Aim of the task ▸
Print the lines in the listing below starting at the line with "Macao Covid-19 citywide testing guide" and ending at the line with "Vector Bonus 3d", both included. Reproduce them exactly and omit every picture.

Source information ▸

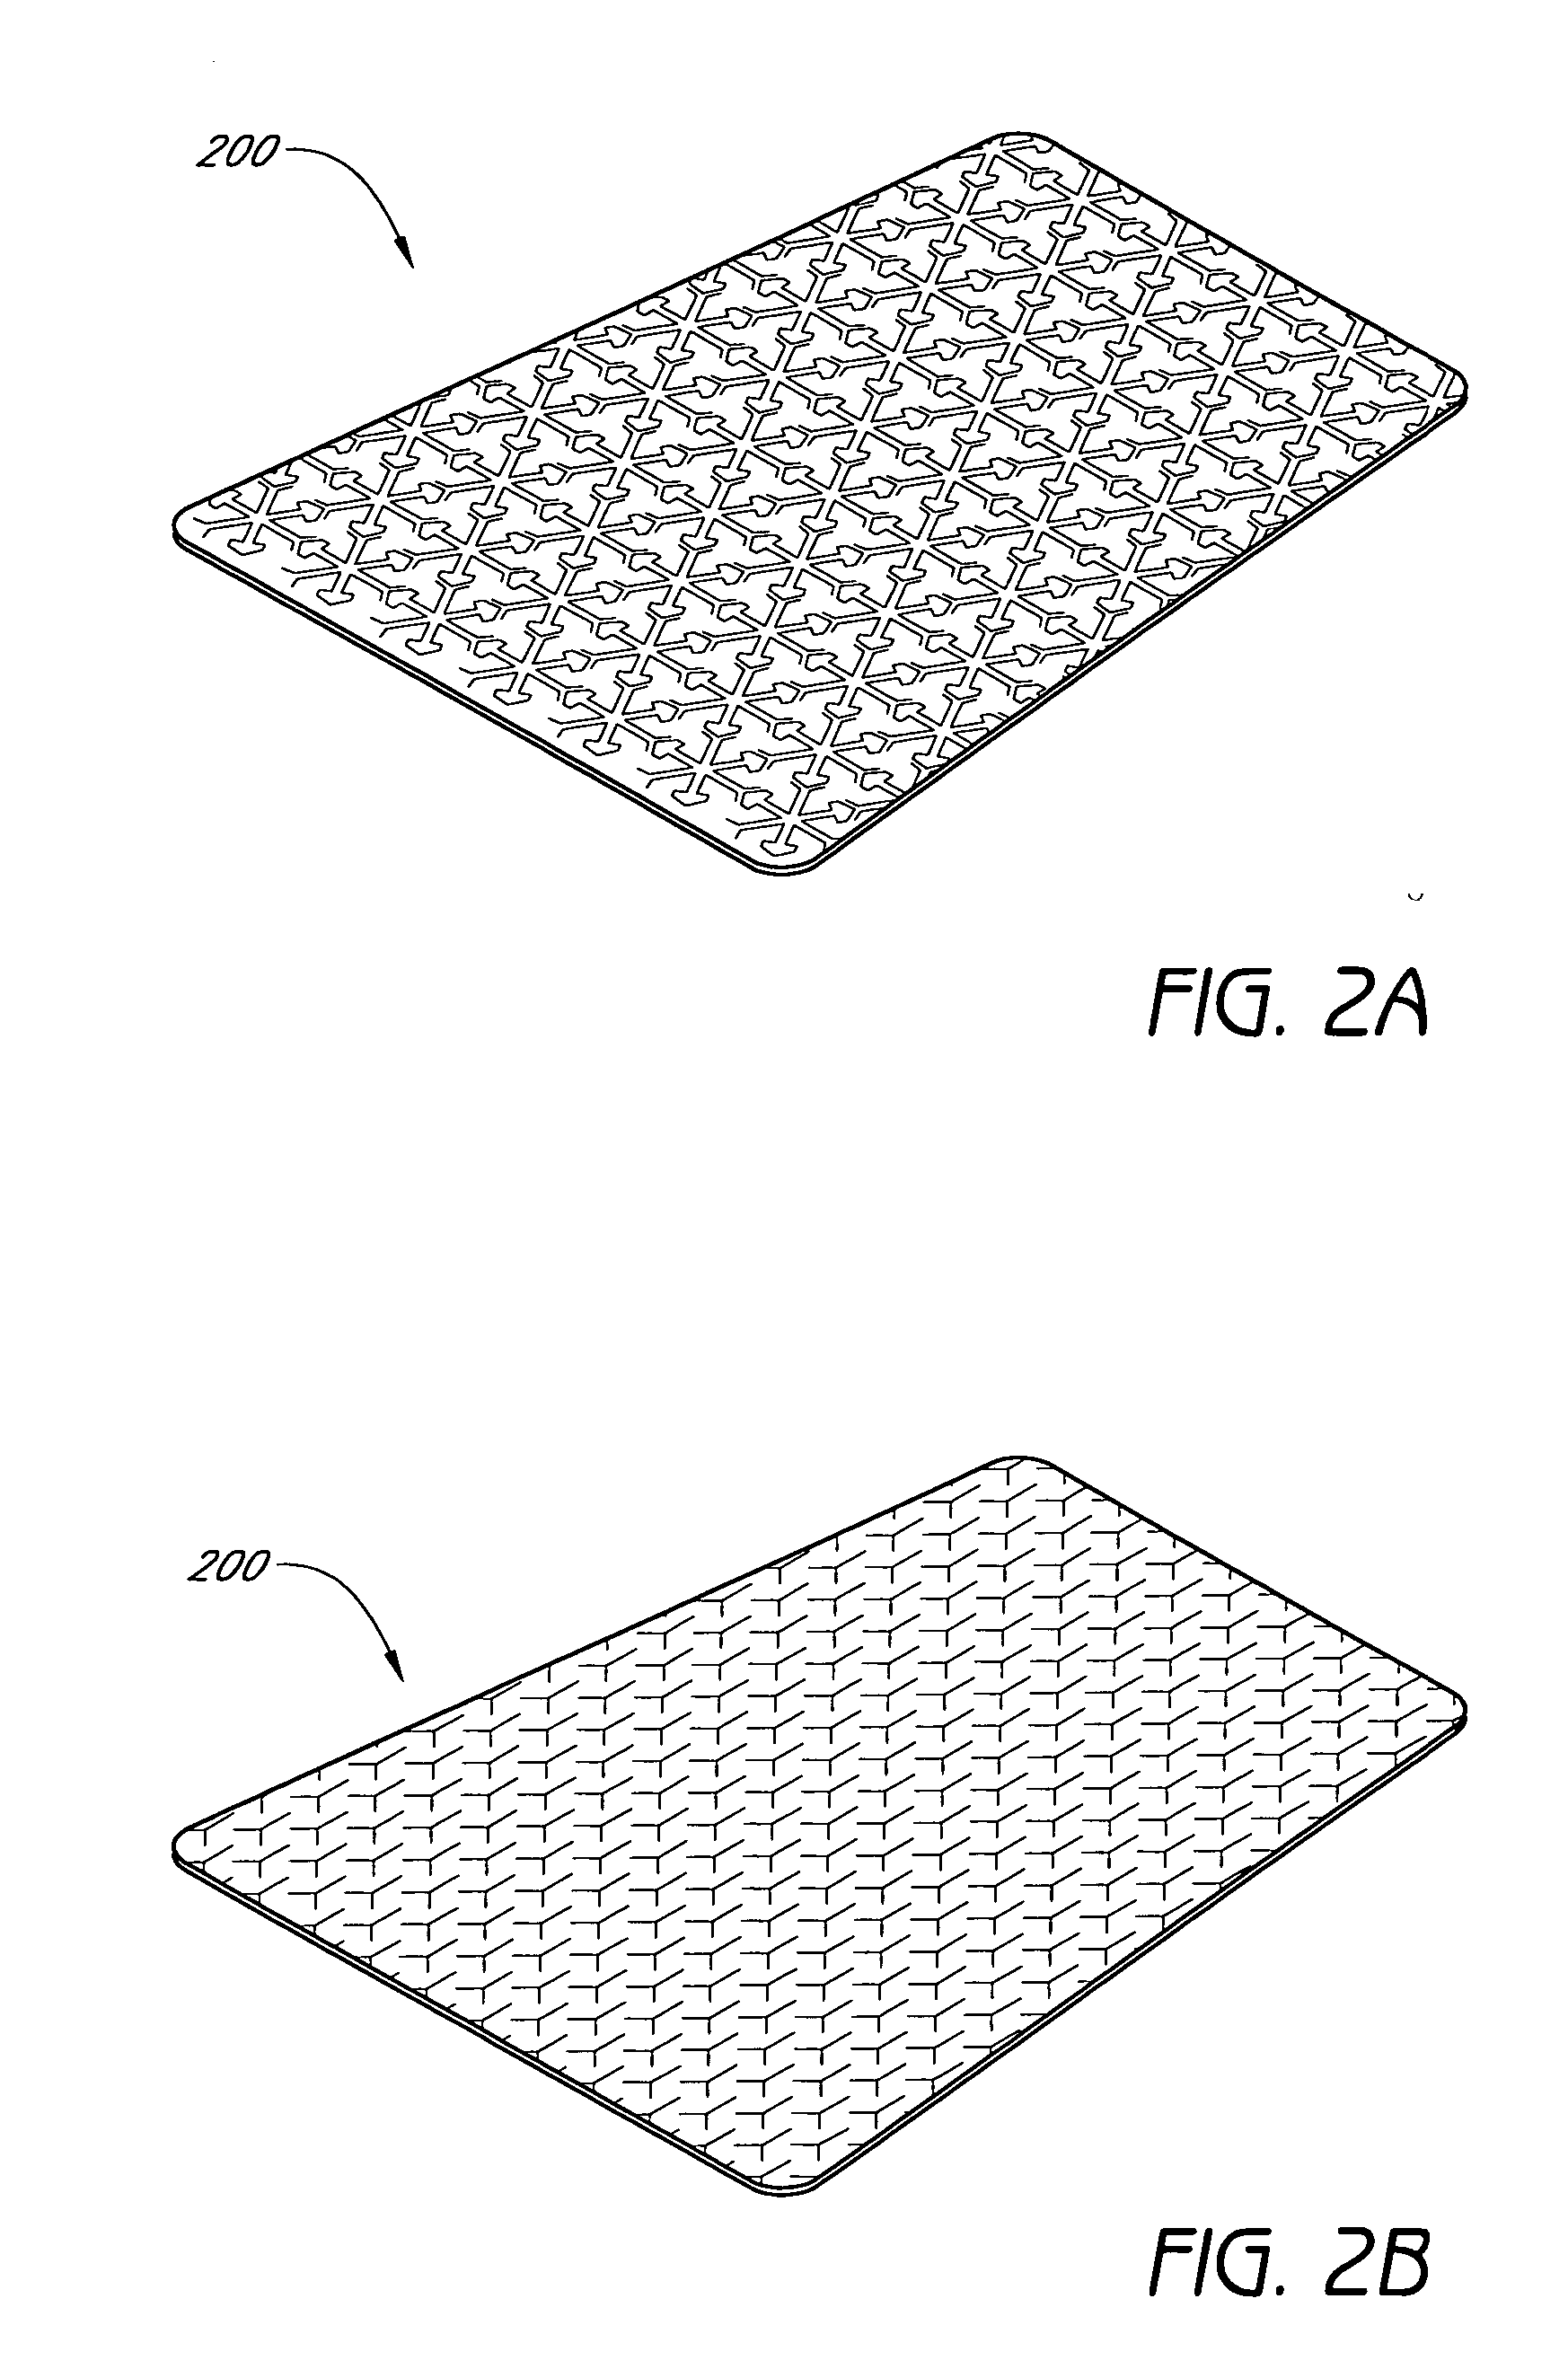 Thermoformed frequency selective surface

--

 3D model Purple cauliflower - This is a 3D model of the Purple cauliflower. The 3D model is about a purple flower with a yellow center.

---

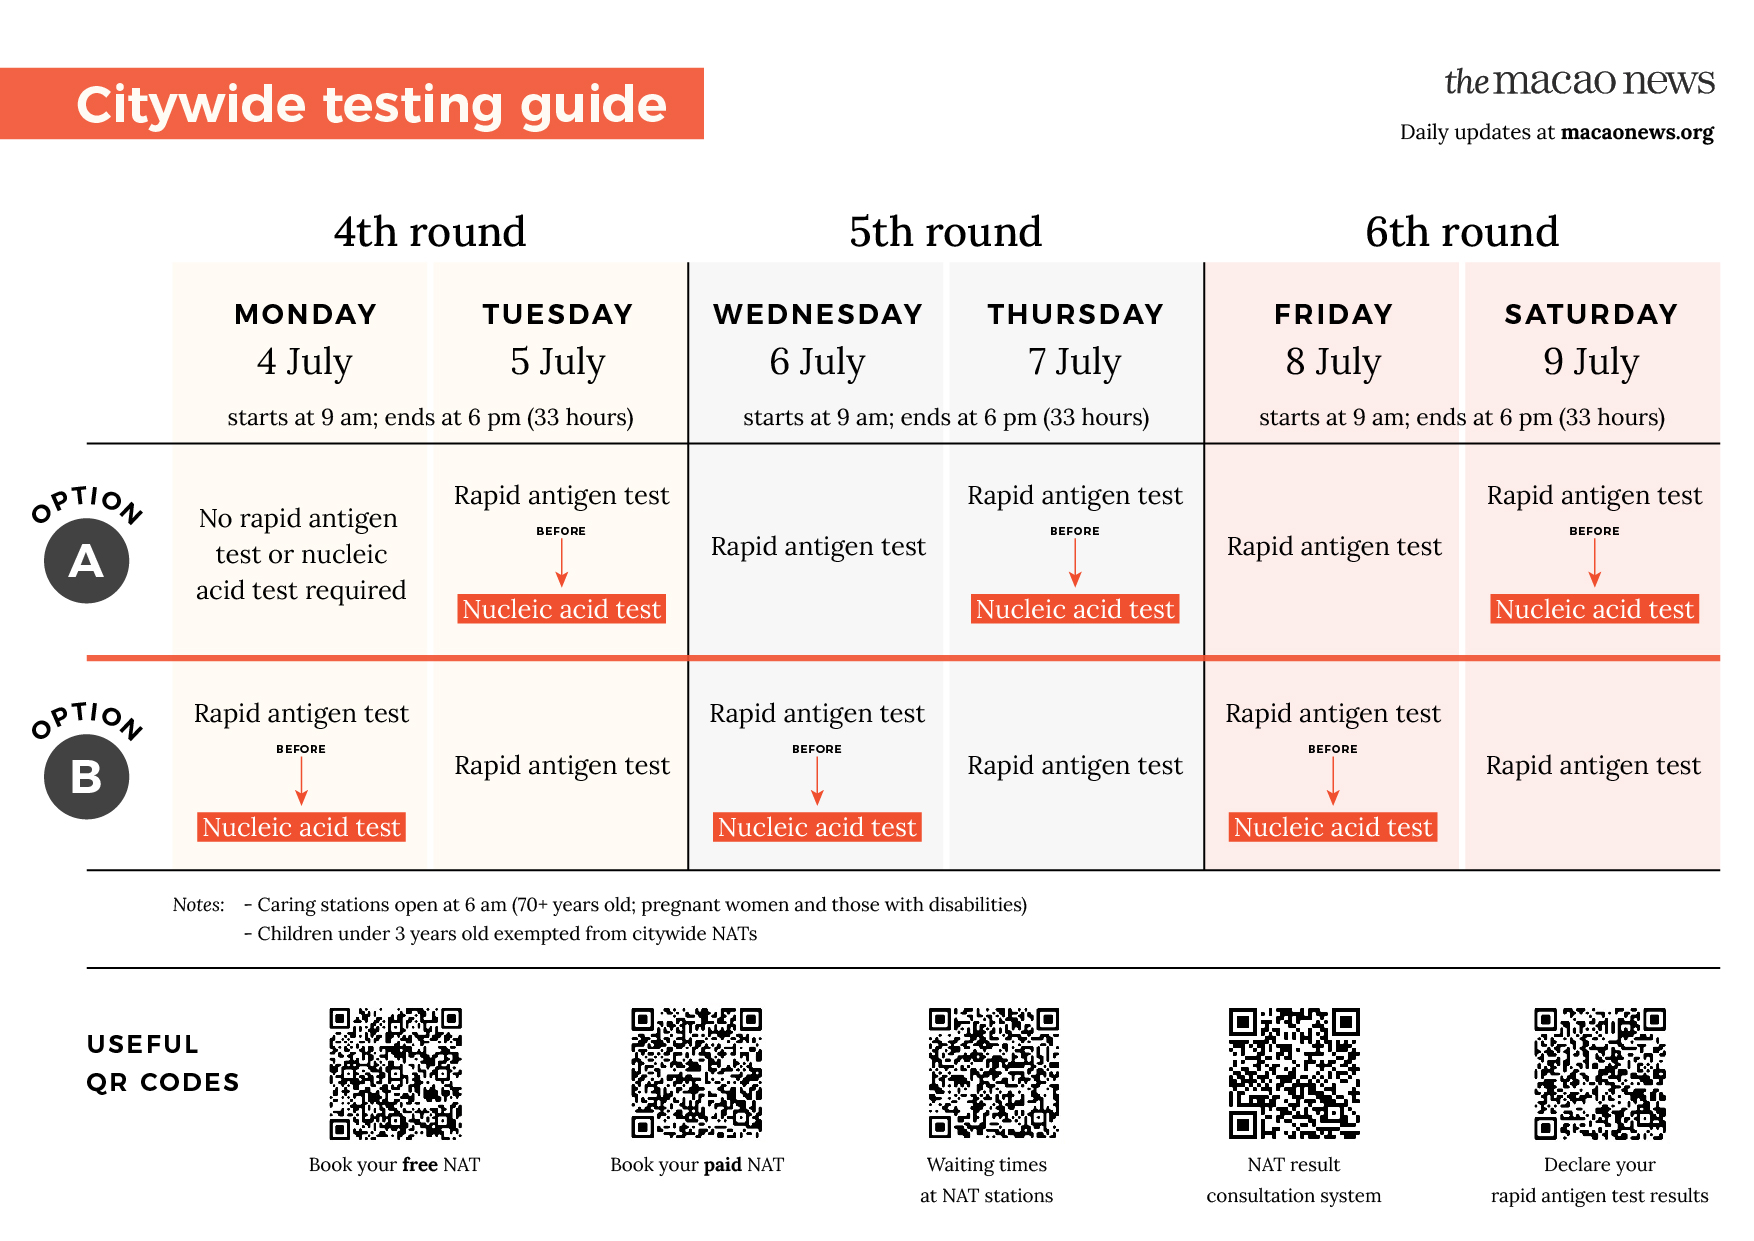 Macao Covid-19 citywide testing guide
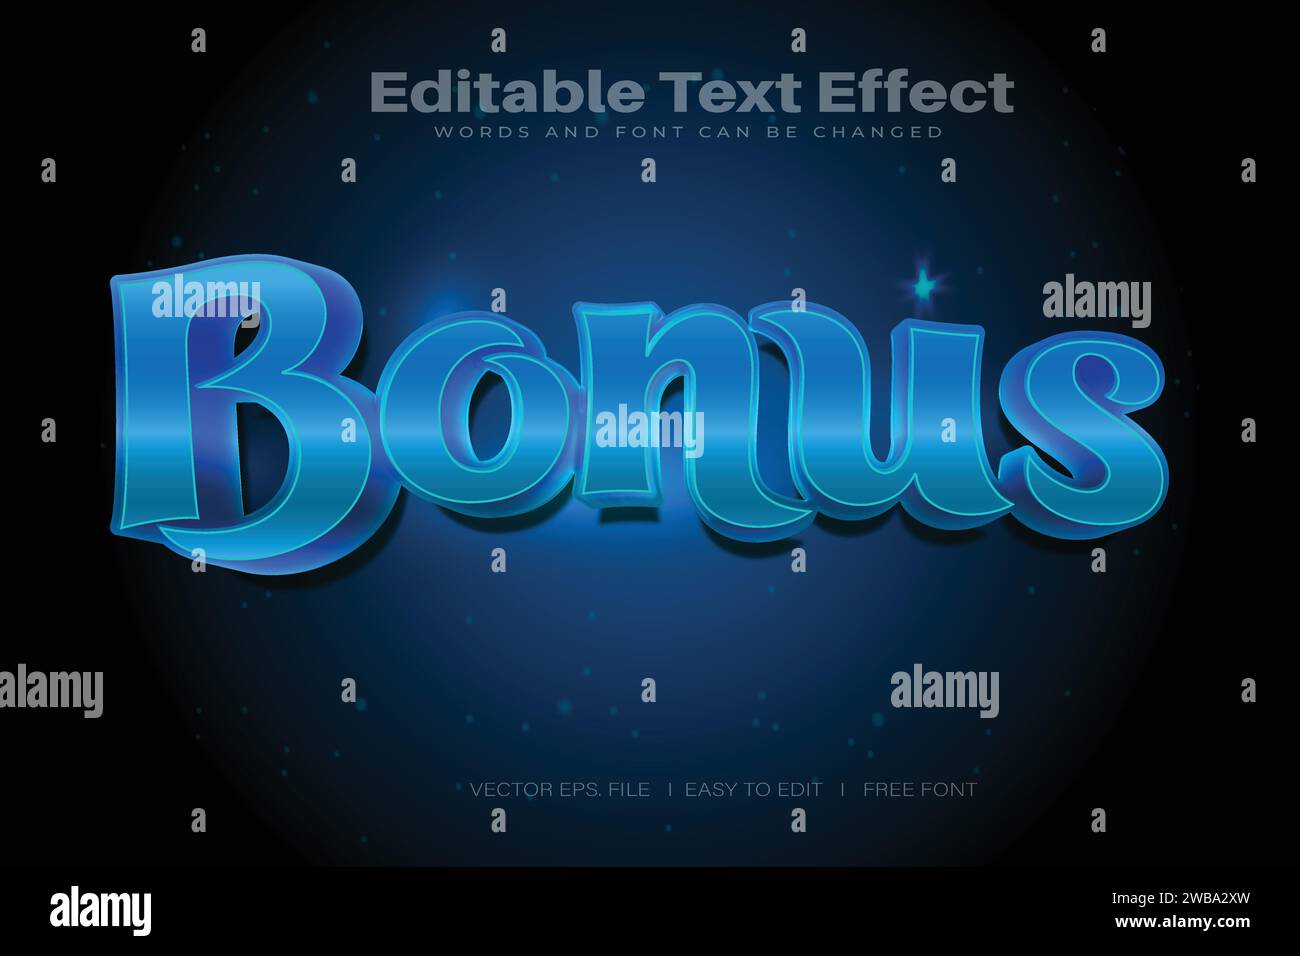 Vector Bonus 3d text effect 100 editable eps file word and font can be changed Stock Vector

Response ▸
 Macao Covid-19 citywide testing guide
 Vector Bonus 3d text effect 100 editable eps file word and font can be changed Stock Vector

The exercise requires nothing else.